CARLIN, Nev. (AP) - Elko County Commissioner Grant Gerber saddled up his horse before sunrise on Memorial Day and set out on a 70-mile trek across northern Nevada to protest livestock grazing reductions on federal land.
Gerber and his son left from the county courthouse and traveled about 20 miles across grasslands into Carlin, where they were greeted by local Mayor Cliff Eklund and a parade and rodeo he planned in support of the riders. Their destination is Carson City by week’s end to present a petition to Gov. Brian Sandoval urging the removal of Doug Furtado as head of the U.S. Bureau of Land Management’s Battle Mountain District.
“We’re going to keep going until the public insists that the BLM does the right thing,” said Gerber, 72.
The multiday ride is modeled after the “Salt March” led by the Indian independence leader, Gandhi, that protested the British colonial monopoly on salt in 1930. Gerber said the Salt March was the opening salvo in a series of non-violent acts of civil disobedience that garnered international sympathy and ultimately helped lead to the country’s independence.

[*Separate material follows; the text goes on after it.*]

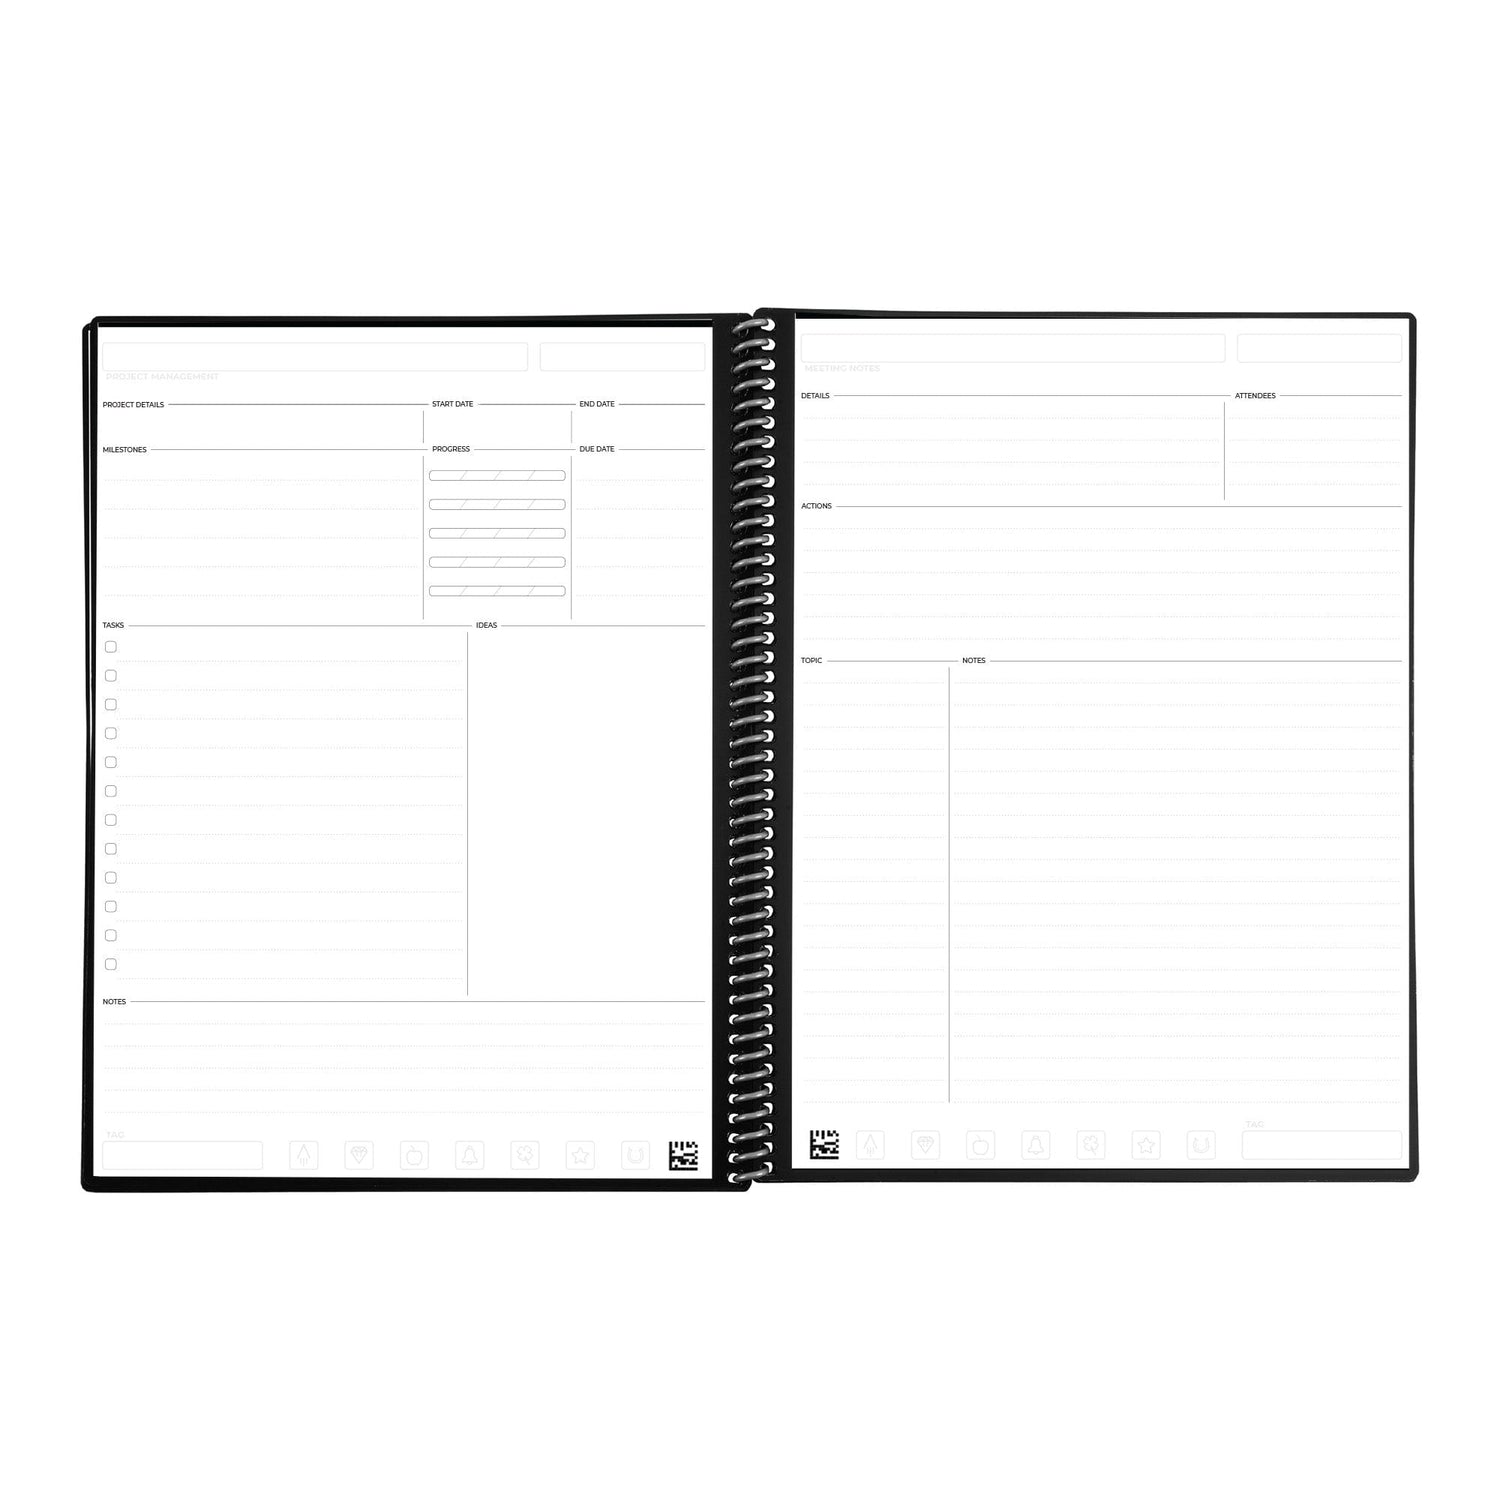  A project management page and a meeting notes page

Gerber calls his version the “Grass March.” Gerber, a lawyer who has represented dozens of plaintiffs in lawsuits against the U.S. Forest Service and Bureau of Land Management over the past two decades, said federal agencies have the same stranglehold on Nevada land and grass as the British had on Indian salt supplies.
Federal land managers have said grazing throughout most of Nevada is unsustainable at permitted levels, and they’re further challenged by lingering drought, overpopulation of wild horse herds and the potential listing of the sage grouse as an endangered species.
BLM spokeswoman Lesli Ellis-Wouters said Monday that some permit holders voluntarily have decided against grazing the total number of cows they are allowed, resulting in 436,000 fewer of the animals on public land. She said no decision has been made regarding the Gerber family allotment.
“We do understand it is their livelihood, but we have to be responsible for the land,” she said. “We have to protect the land for its use today and its use tomorrow.”
Gerber’s ride is the latest in a series of demonstrations since the federal government’s run-in with southern Nevada rancher Cliven Bundy, about 75 miles northeast of Las Vegas. Bundy and his supporters, some of them armed militia members, thwarted a BLM roundup of his cattle near Bunkerville in April.
Gerber said his primary tool is the First Amendment, having camped out in front of BLM offices and roadside, and organizing a sort of Pony Express to deliver signatures on petitions he’s gathered along the way to Carson City.
Eklund, the Carlin mayor, said the city didn’t take a stance on Gerber’s ride but he personally supported his efforts.
“The ranchers are a big part of the economy in this part of the country,” Eklund said. “Most of the ranchers support our communities, and it’s about time we return the favor.”